Knowledge Mapper

Home

News

Info

Query

Query

This module reads the theme list, does queries and stores the results. This phase requires the most processor power and disk I/O. During this phase the web pages listing the documents relating to each theme is produced. The input files for the next phase are generated as output files. These are called mark-up files. There is one mark-up file for each document in the repository. They contain the following information:

Theme name
Line and column where mark-up starts
Line and column where mark-up ends

Options that can be switched from the command line on are:

Input file name
Maximum documents per theme
Additional theme threshold percentage
Working directory
Minimum document rank
Maximum number of themes
Summary mode
Expert mode
Flag to write text files
Debug mode
Debug level
Flag to process additional theme file only
Flag to overwrite files
Help

We read the stop word list from file and then all the words are stored in a binary tree. Before processing the input file, the program must check available features, initialize and open SWISH-E. At the start of the application code, we set the search properties and open the input file. The output is called a hits list file, containing the following data in each line:

Library name
Document ID
Number of lines
File name
Document title

During testing it was found that combinations of two or three words occur frequently, e.g. NETWORK MANAGEMENT or VICE PRESIDENT. A mechanism to find such combinations was therefore implemented. In every document in the list, the words before and after the best hit are saved in a binary tree. The numbers of occurrences for each of these words are stored in a counter.

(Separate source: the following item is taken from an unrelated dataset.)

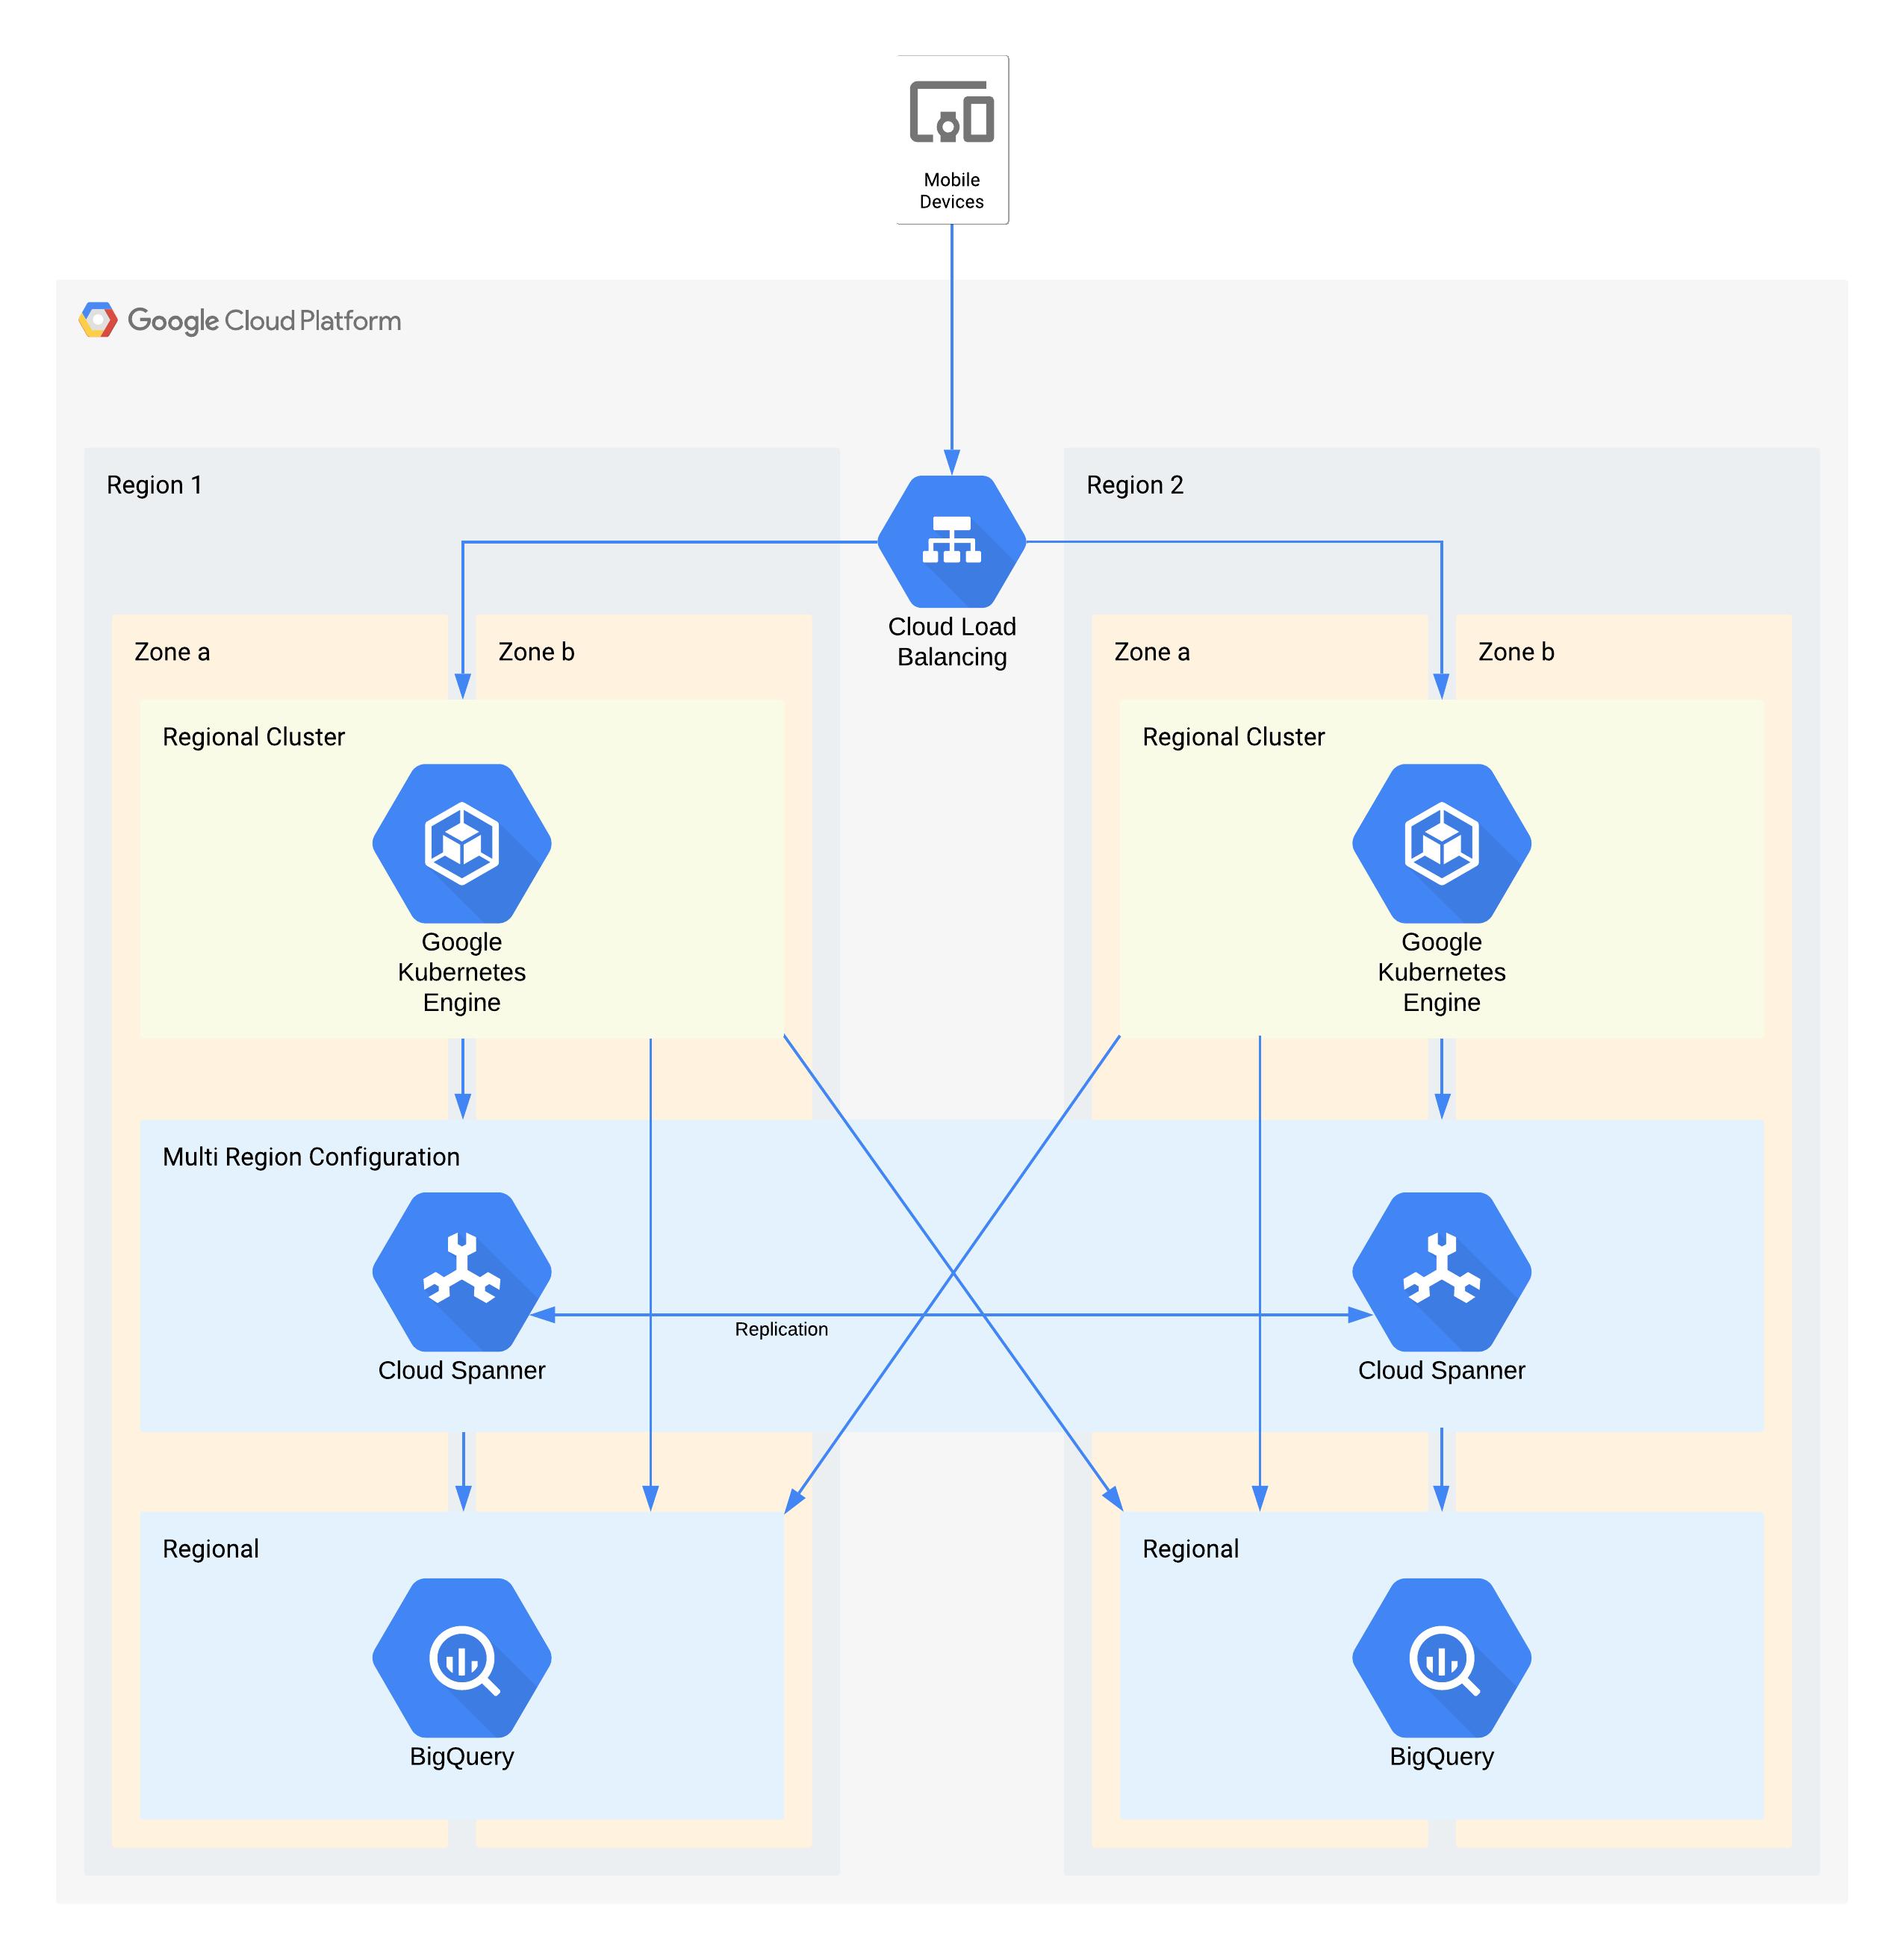 Beispiel einer Architektur der Stufe1 mit Google Cloud-Produkten

After all of the hits for all of the documents for a theme have been processed, the counters are checked. The number of times that each of these words occur is calculated as a percentage of the documents that contain it. If this percentage is above a preset threshold, the theme is written to an output file. This file with additional themes can be edited and used as input during a subsequent run. No further additional themes need to be listed during such a run. A command line option makes provision for this.

The list produced is of value, but cannot be used without human intervention. Since the combinations identified are based on purely statistical grounds, a significant proportion of the entries don?t make much sense from a linguistic point of view. The administrative user therefore has to edit the list manually before proceeding with the next phase of processing.

The hyperlink and title for each document is written to the output file. The previous word is extracted and its length checked. If longer than a certain number of preset characters, it is marked for insertion into the list. Before this is done, there is a check for this word in the stop word list. The process is repeated for the next word. The next step is to produce a plain ASCII text file. Information on this hit is written to the hits file. This information and the ASCII file are used in the next phase to generate the marked-up file. The memory used for additional themes is freed after each theme has been processed. The next line is then read from the input file.